I arrived home Tuesday to find virtual reality glasses attached to my son’s face. His mind was blown by the whole Cardboard experience, from the virtual worlds he explored to his ability to download new worlds / games via Google Play. The overall experience of Google Cardboard is surprisingly good, especially for a product created by attaching your smartphone to some lenses, magnets and cardboard. The 3D experience is solid, the head tracking smooth, and the ability to combine audio and visual into a virtual experience very powerful.
If you have at least a passing interest in VR, or have kids with an interest, getting started is simple:
Step 1: Purchase a Kit
Google does not actually make Cardboard, and instead publishes instructions for manufacturers to produce kits (alternatively you can build your own from the instructions). If you choose to purchase a kit, there are two versions available: the original Android-only kit, and the newer 2.0 kit that supports larger smartphones and iOS. The kits can be purchased from a reseller or direct from a manufacturer. I purchased my original I Am Cardboard kit from Amazon for $15, and then later purchased an additional I Am Cardboard 2.0 kit direct from the manufacturer for $20 plus shipping.
Step 2: Download Apps
You will find lots of applications for Android on Google Play. Finding the iOS applications on AppStore however will take a little Googling. My personal favorite application is Otherworld, which puts you in a haunted room inhabited by two toy dolls (warning: not recommended for people with a fear of creepy dolls).

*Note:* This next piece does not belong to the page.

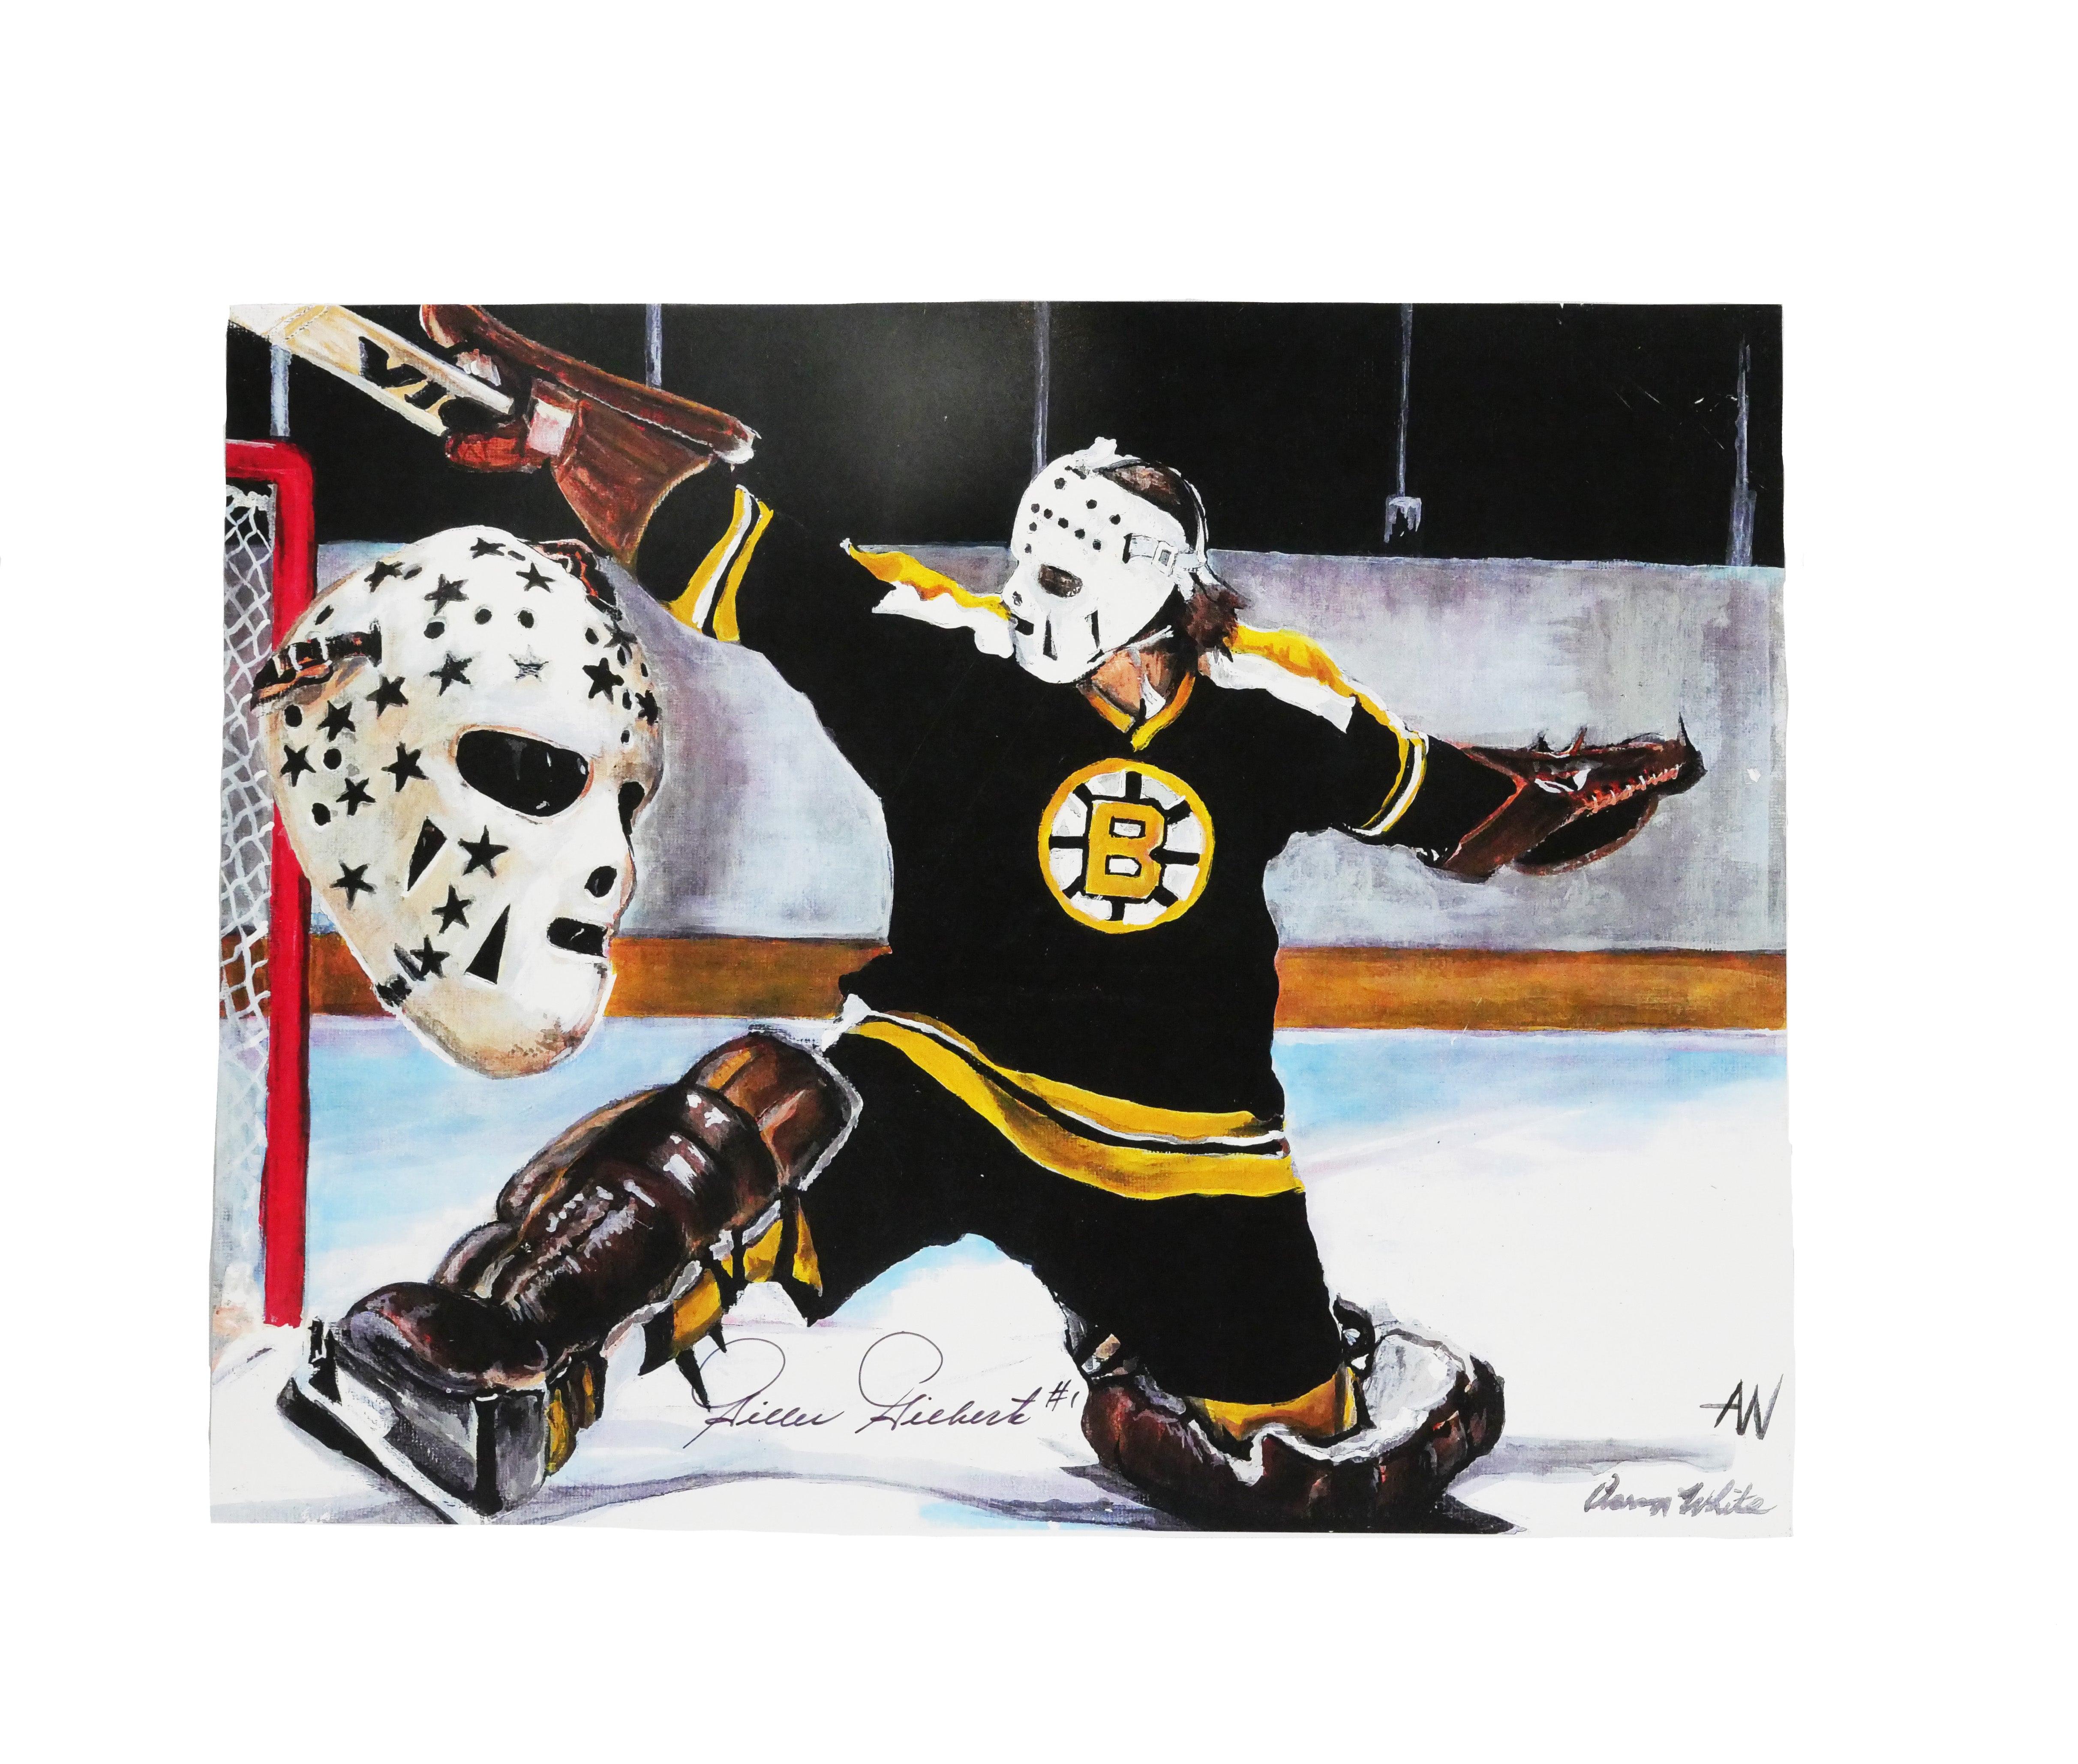 Gilles Gilbert Boston Bruins 16x12 Dive with Mask Art Piece Signed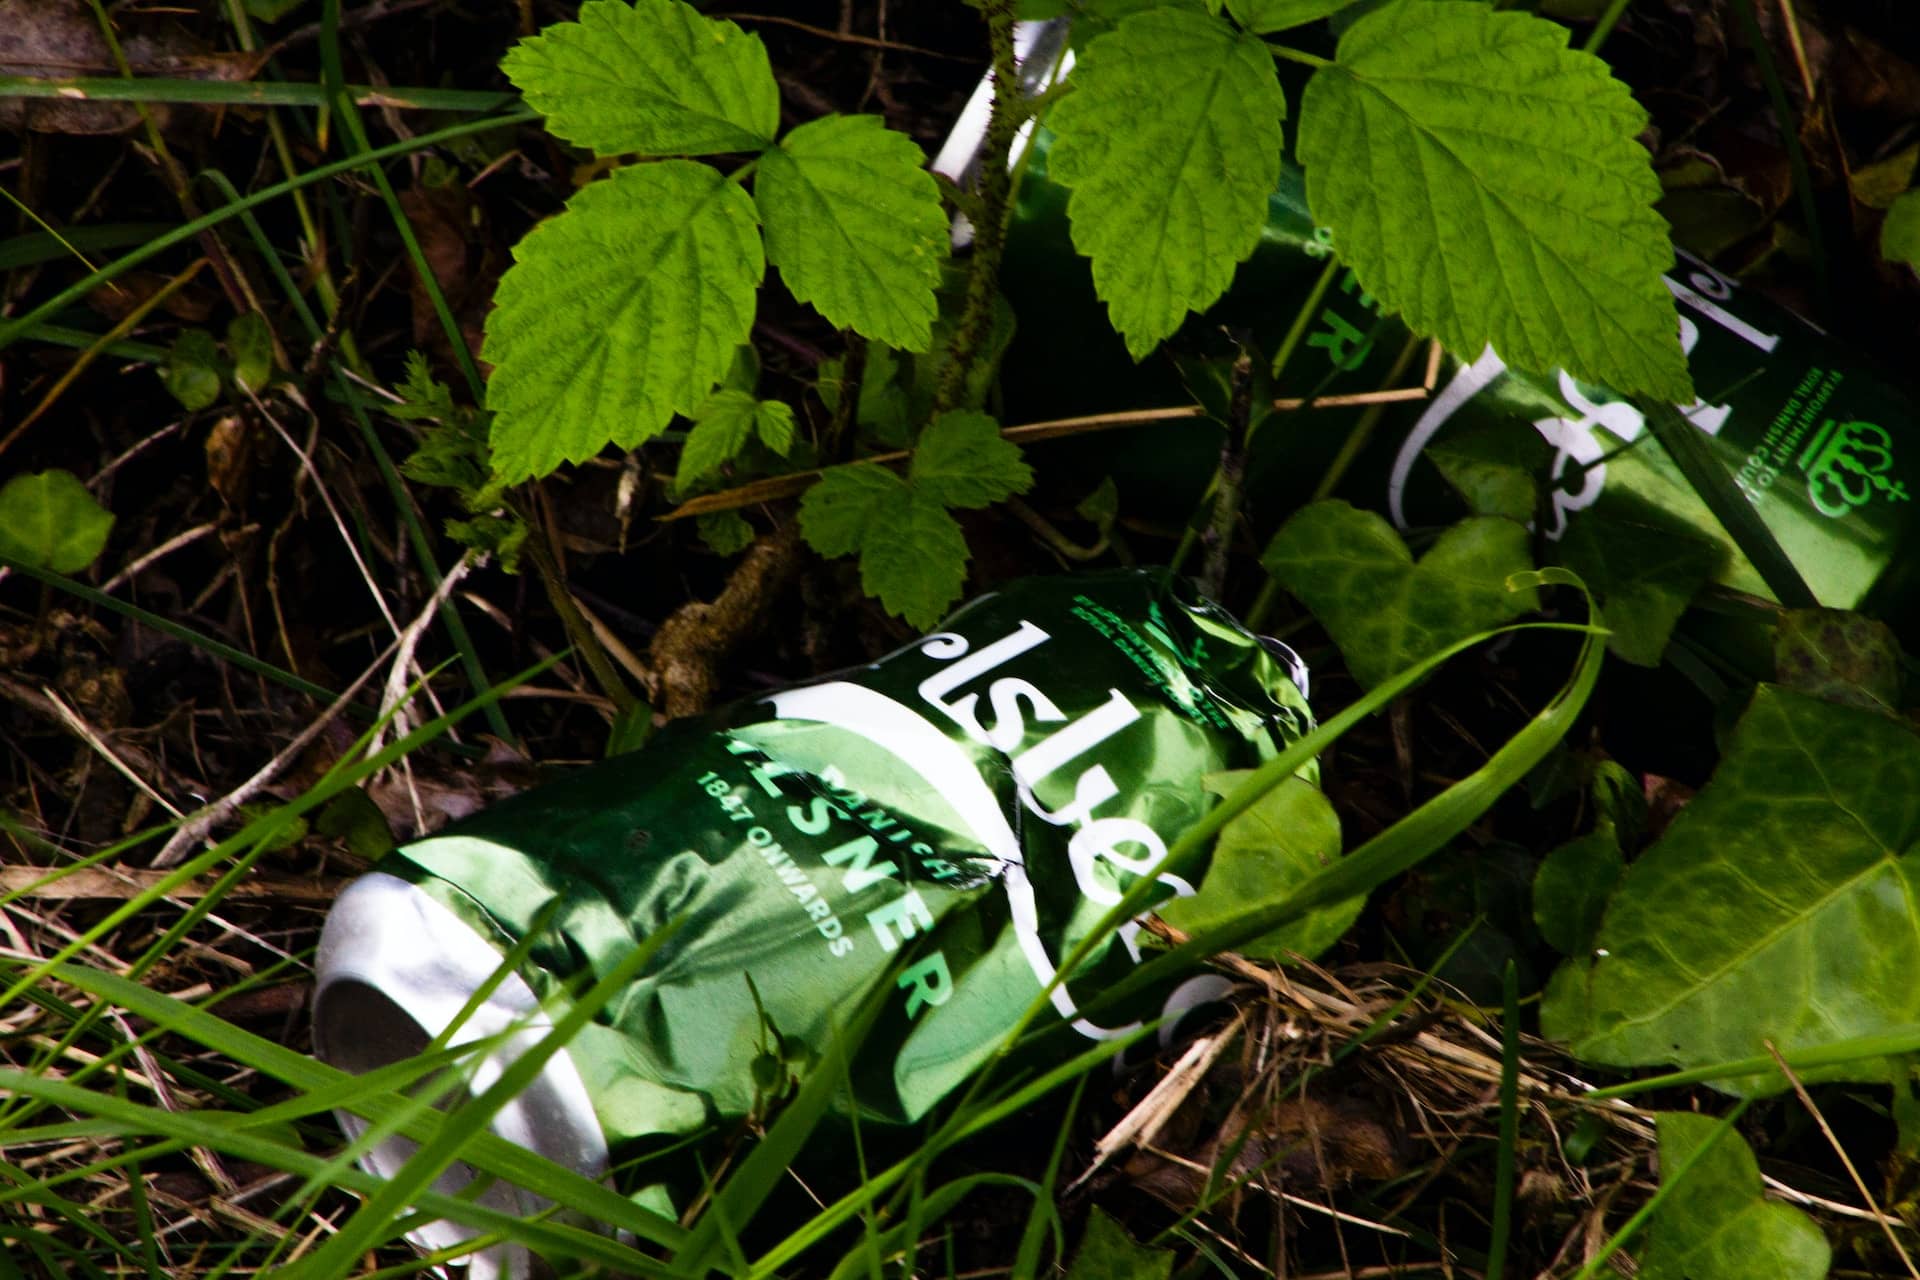 Carlsberg cans littering the countryside

Step 3: Assemble "Headset"
For a more immersive experience, you will want to attach headphones. If you have noise cancelling headphones, it makes for an even better experience. Insert the headphone jack into your phone, your phone into Cardboard, and voilà, you have a poor man's version of Oculus Rift.
Step 4: Explore
Start an application, hold the glasses to your eyes, and enjoy exploring virtual reality for less than $20.
My wife said after trying them: "I can't believe Google re-invented the Viewmaster."